Tuesday, May 24, 2011

Dehydrating Asparagus

With the end of may we know that soon we will stop cutting the asparagus shoots so they can green up and grow for next years harvest.

The vegetable asparagus are the tender, succulent, fleshy, young shoots or spears of the plant that are produced from an underground crown of the plant Asparagus officinalis, a member of Liliaceae (Lily family).

Asparagus is very low in calories, fats, sodium, and absolutely no cholesterol. It is an excellent source of Vitamin C, a natural water soluble antioxidant.

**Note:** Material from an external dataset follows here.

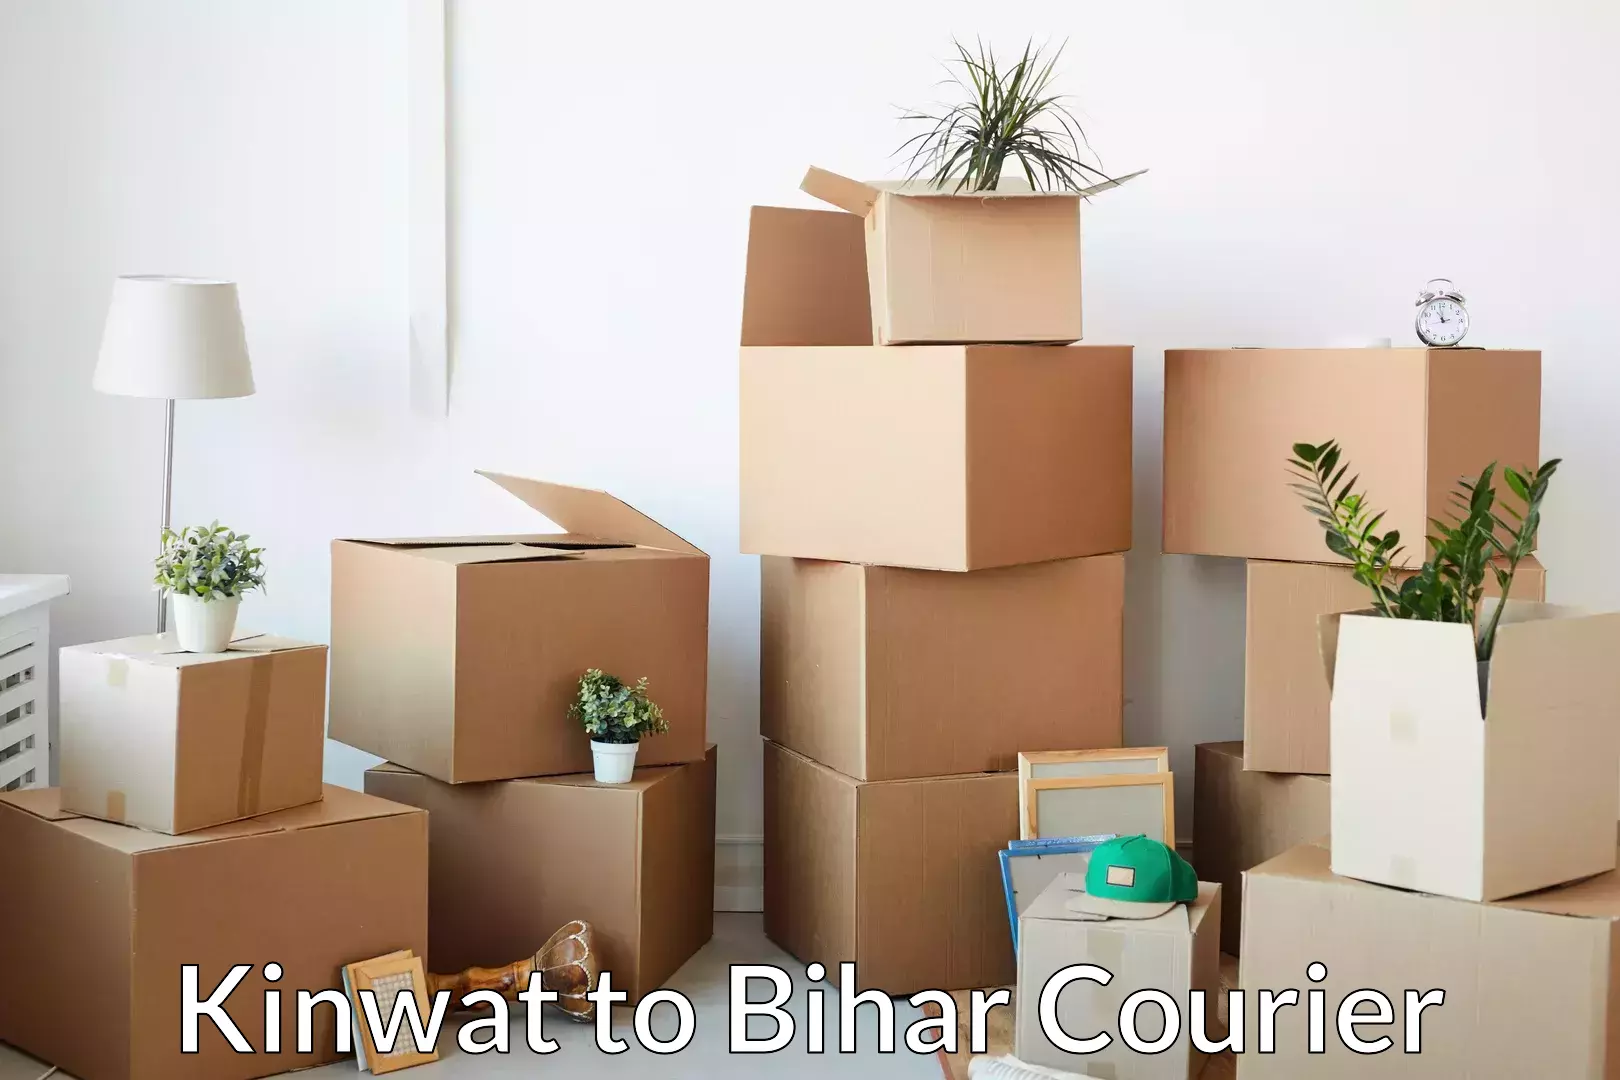 Trusted moving company Kinwat to Mairwa

It enhances the body's immune system, increases the elasticity of skin and blood vessels, and prevents bruising of the skin. It is also an excellent source of Vitamin A and betacarotenes. They enhance the eye sight, fight against acne, and result in smooth radiant skin. Beta-carotenes act as powerful antioxidants and reduce the risk of cardiovascular diseases, various types of cancer, enhance the vision, especially night vision, reduce the risk of cataract formation and macular degeneration in the elderly.

Asparagus contains vitamins A and C which together also act as powerful antioxidants. They scavenge the free radicals and reduce the risk of inflammatory, cardiovascular and degenerative diseases. It is a very good source of Vitamin K, which plays a very important role in building and maintaining strong bones. It acts by activating a protein in the bones called osteocalcin that anchors calcium in the bones and helps in mineralization of the bones.

With two large beds of asparagus here on the farm we always have asparagus in the freezer, sometimes I pickle it and this year we are trying something new. I dehydrated asparagus knowing that freezer space may be at a premium with 2 hogs out in the pig pen. Not to mention that brooder full of chickens. I intend to experiment with using it in casseroles as well as my cheesy cream of asparagus soup and quiches.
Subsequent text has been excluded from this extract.